The Bat is not the biggest fan of ginger, unless it's in a cookie with the word "snap" in its name. But when those cookies are on the menu, she's as goofy about our home-baked ones as Pop is... largely because not only are they crisp, like a good ginger snap should be, but because they bite back. I like to bring the heat. And my new favorite tool for that is homemade candied ginger.
Making the stuff is pretty straightforward, but you do rather need an accurate scale, a kitchen mandoline (or a lot of skill at slicing evenly, repeatedly), and some real work time -- set aside a good two hours for the process.
And ventilation. You will probably want to run a fan or open a window while you work with this. I love the smell of ginger, raw or cooked, but as it boils, it can be a bit overwhelming (it's not quite as bad as trying to dehydrate ghost peppers, but use caution, nonetheless).
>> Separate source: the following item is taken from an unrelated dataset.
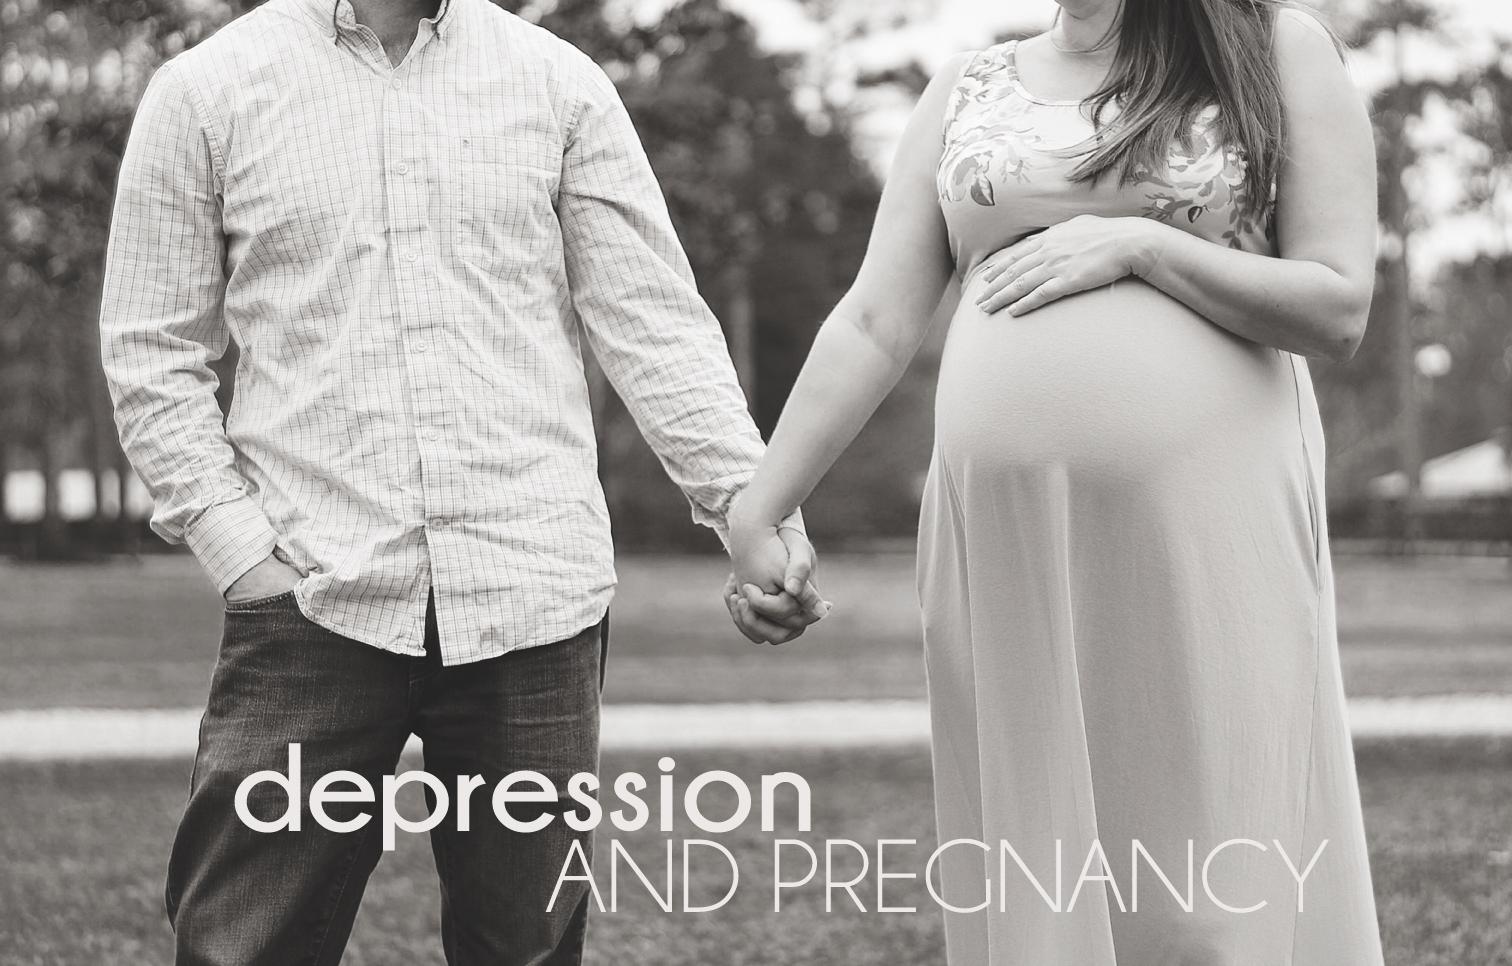 depressionpost1.jpg

Beyond that, it's just water and equal parts peeled fresh ginger and granulated sugar.
5 cups water (about 1.2 liters)
Approximately 1 lb. (0.453 kg) fresh ginger, peeled
Approximately 1 lb. granulated sugar
Starting with a nice firm, sleek, non-wrinkly, large "hand" of ginger weighing a little over a pound. Peel it (if you're not sure how best to strip ginger nekkid, see this).
Pour 5 cups water into a medium saucepan. Using your kitchen mandoline, slice ginger across the grain into 1/8-inch (about 3 mm) "coins", and place directly into the water. Cover, and bring to a boil on medium-high heat. Continue to boil, stirring occasionally, until ginger becomes somewhat tender, about 35-45 minutes.
While it is boiling, coat a cooling rack with nonstick spray, then set it over a jelly roll pan (sided cookie sheet) lined with parchment.
When the ginger is softened, drain it in a colander, retaining the water.*
At this point, you will need to weigh your ginger. Measure out an equal weight of sugar, and put that and the cooked ginger into the saucepan, adding 1/4 cup (.06 liters) water.
Again on medium-high heat, bring the ginger to a boil, and allow it to continue, uncovered, until the moisture is mostly cooked away (about 20 minutes), stirring often.
During the final stages, you will want to keep a close eye on it, as it goes very quickly from this
When it reaches the dry, crumbly state, immediately remove it from heat and spread it out on the cooling rack which rests above parchment. Allow it to cool, store in a sealed container in your refrigerator for up to six months.
And, do you see all that crumbly sugar all over it, and falling down between the bars of the rack? Save it in another airtight container… you'll want to use it on top of cookies or pies, or to drop into a cup of tea.
Or to nosh on when nobody is looking.
It's gingery, after all.
*The remaining water can be frozen in an ice cube tray and the cubes added later to tea – or other beverages – for a little zip.